**BRIEF**
All of the data below should come back exactly as written, minus its images.

**COLLECTED DATA**
☆ ☆ ☆ ☆

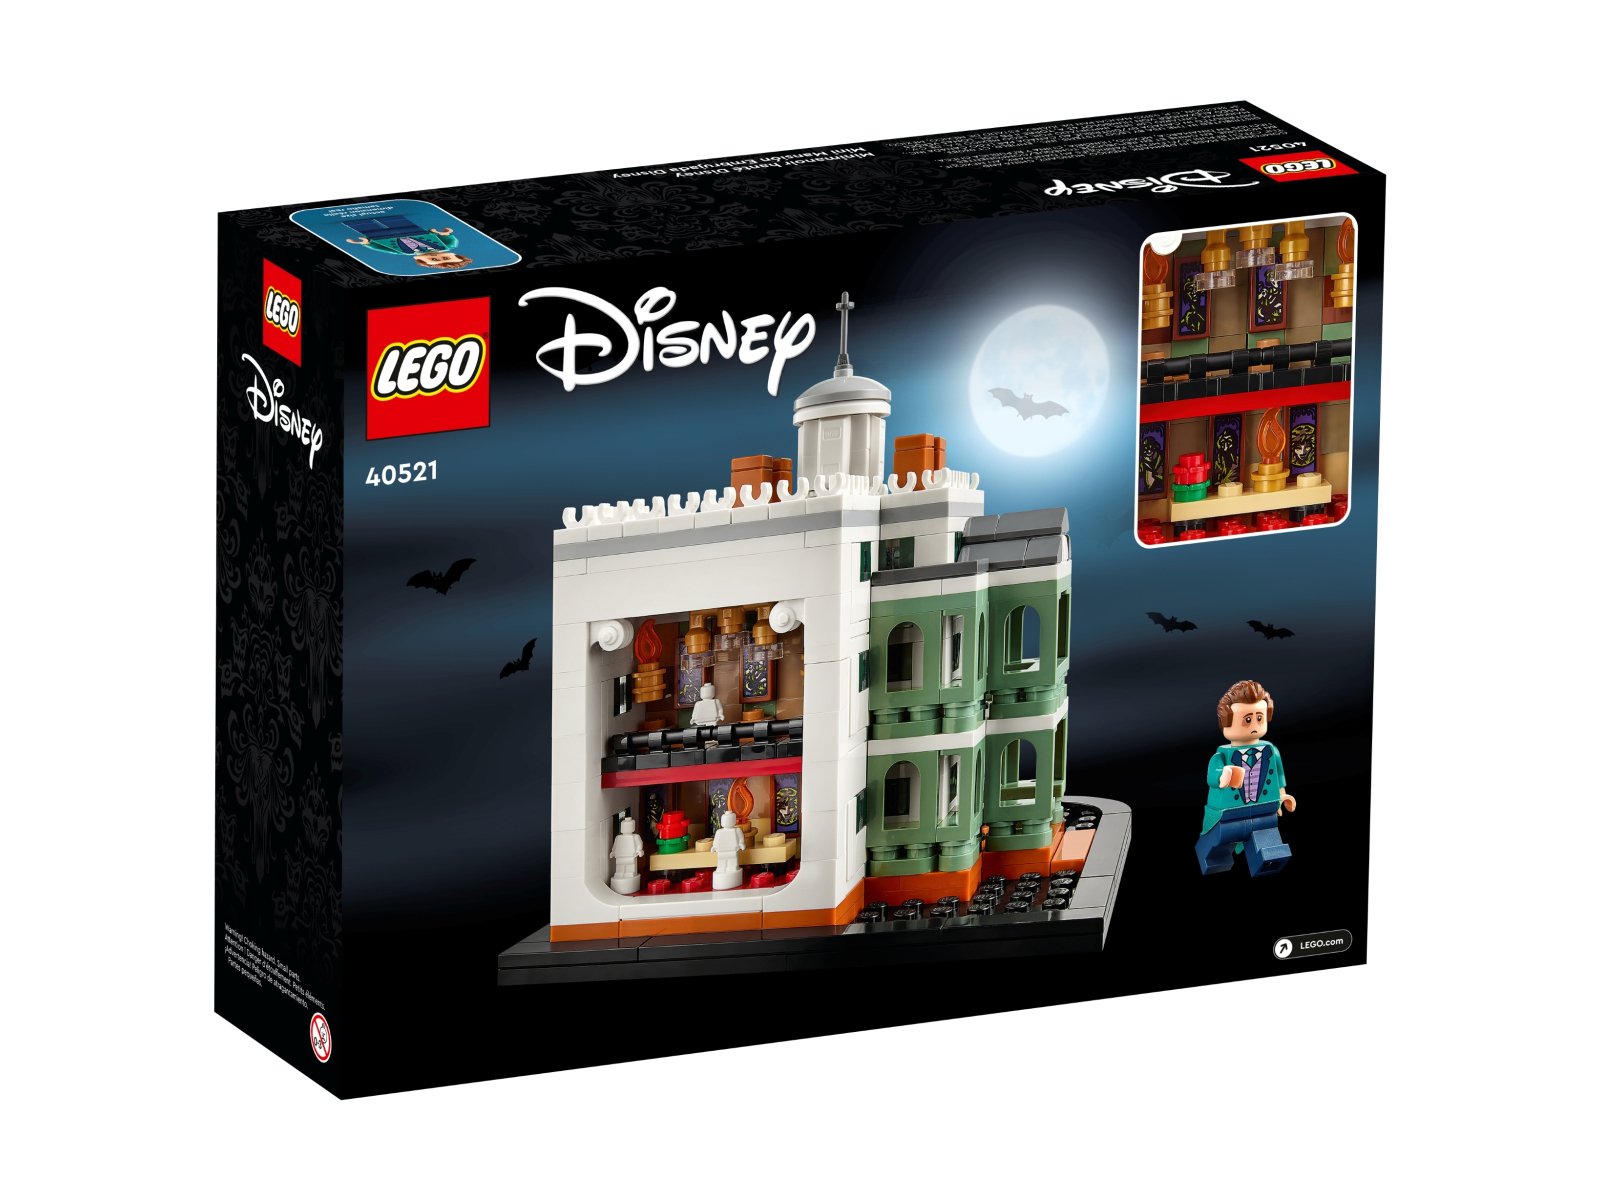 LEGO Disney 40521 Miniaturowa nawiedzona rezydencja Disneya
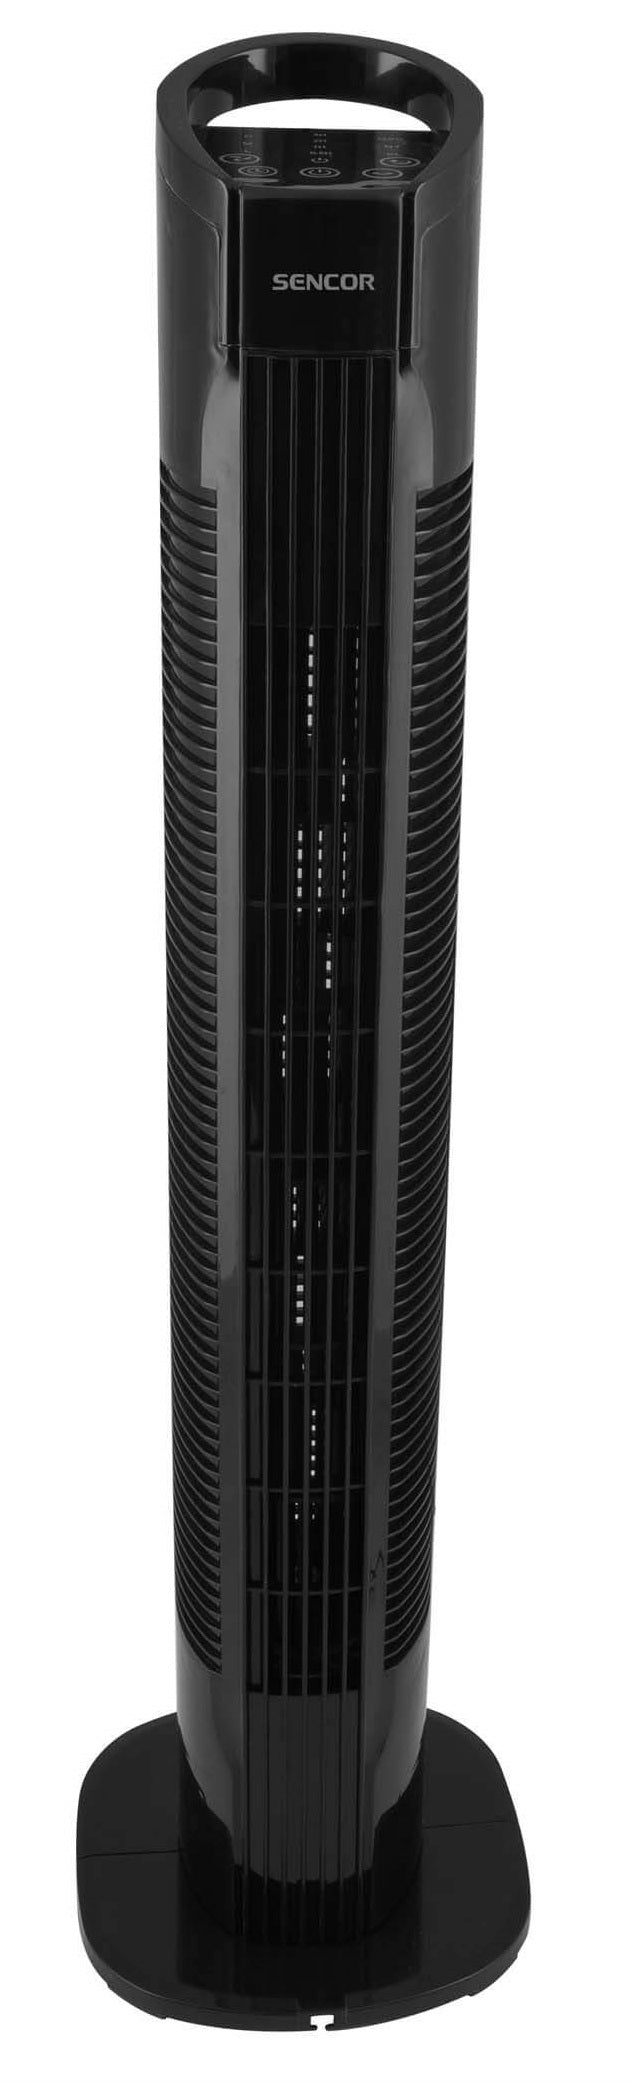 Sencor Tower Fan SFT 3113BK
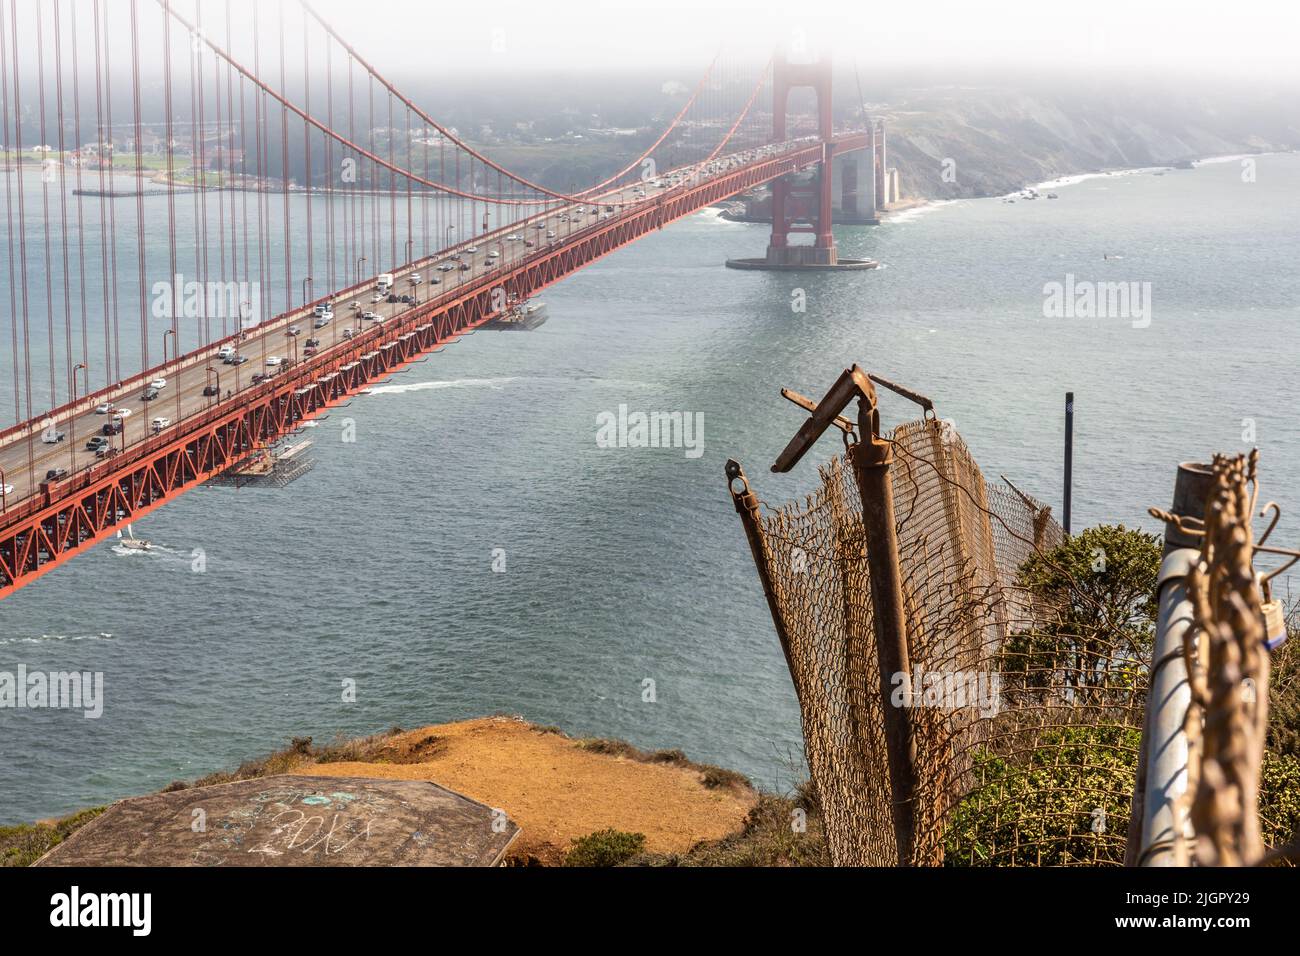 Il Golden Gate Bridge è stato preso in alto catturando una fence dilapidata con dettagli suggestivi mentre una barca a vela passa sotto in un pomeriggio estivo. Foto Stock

☆ ☆ ☆ ☆

**FINAL ANSWER**
 LEGO Disney 40521 Miniaturowa nawiedzona rezydencja Disneya
 Sencor Tower Fan SFT 3113BK
 Il Golden Gate Bridge è stato preso in alto catturando una fence dilapidata con dettagli suggestivi mentre una barca a vela passa sotto in un pomeriggio estivo. Foto Stock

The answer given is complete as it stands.